多用されたエクスクラメーションマークを見て、
そこから、困り果てる彼女の焦った顔が容易に想像出来たからだ。

僕は簡潔に返事を書いた。

(´・ω・`)『あれは僕なりのお詫びです。
      そもそも、貴方を怒らせてしまったのは僕のせいなのですから』

思いつく限りの気取らない台詞。
これなら気持ち悪くないかな、などとくだらない事を考えながら文字を打った。

(´・ω・`)(……何を心配する事があるのやら)

はぁ、と深い溜息を吐いた。
冬に吐く息よりも、何故か暖かかった。



57: 「夏」 :2007/08/25(土) 23:39:05.24 ID:Li1DZ2py0
返信が遅れたので、すぐにメールが返ってくる事は期待しなかった。
だけど携帯が震え出したのは、それからすぐの事。


(;゚ー゚)『いえいえ、ショボンさんは何も悪くはないです。
    それなのに、こうして頂いては私の気が治まりません!
    あの、もしよろしかったらですが、
    また違う日に、ご馳走させて貰えませんか?』


そこに書かれた文字を見て、今度は僕が困り果ててしまった。

(´・ω・`)(参ったな。

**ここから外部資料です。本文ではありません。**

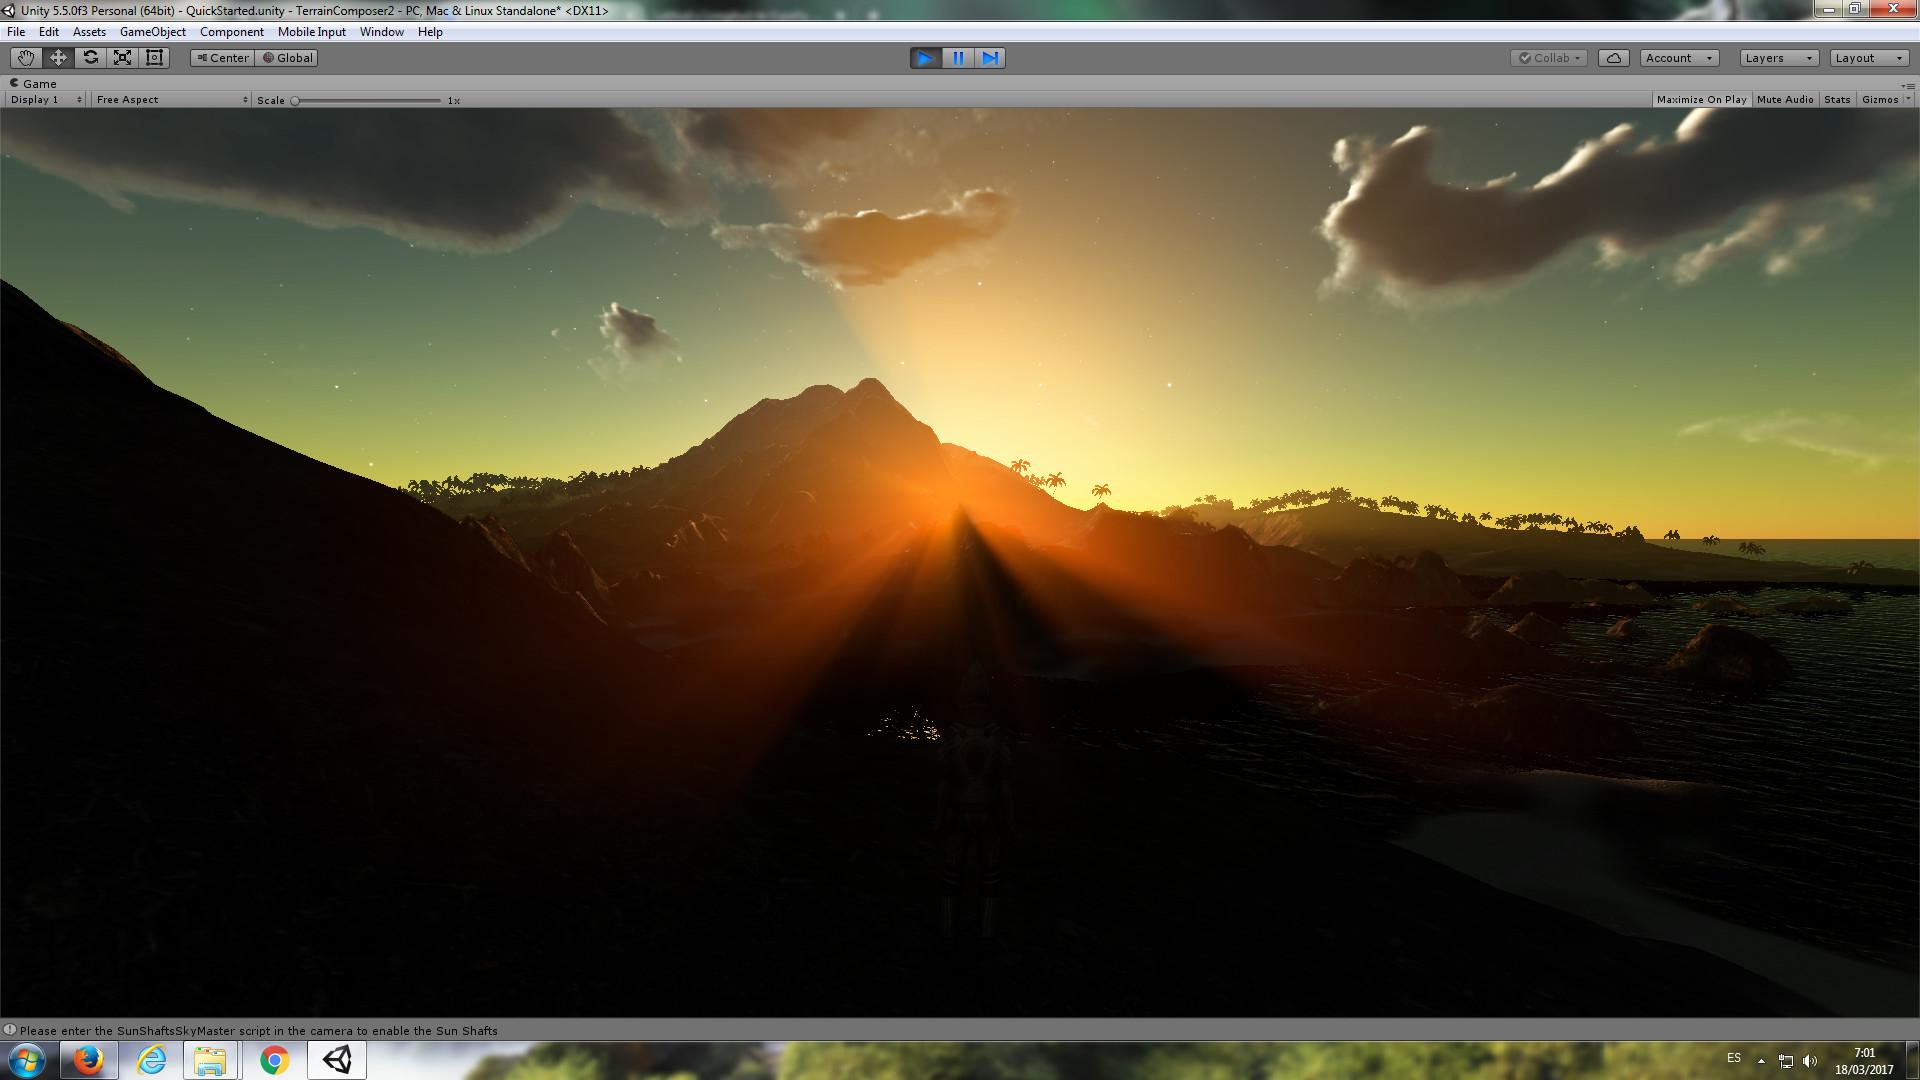 lightShaft_uSky.jpg

余計な迷惑を掛けてしまったようだ)

僕は少しの間思考を巡らせて、メールを打つ。


(´・ω・`)『そう言いますのなら、折角ですので有難く頂戴しようと思います。
      ただ、お詫びだとかそんな気持ちは要りませんよ』


送信した後で、それが本心とは懸け離れている文章である事に気付いた。
いや、本当はこれこそが本心なのだろう。

僕はまた、あの楽しい時間を過ごしたいと無意識に願っていた。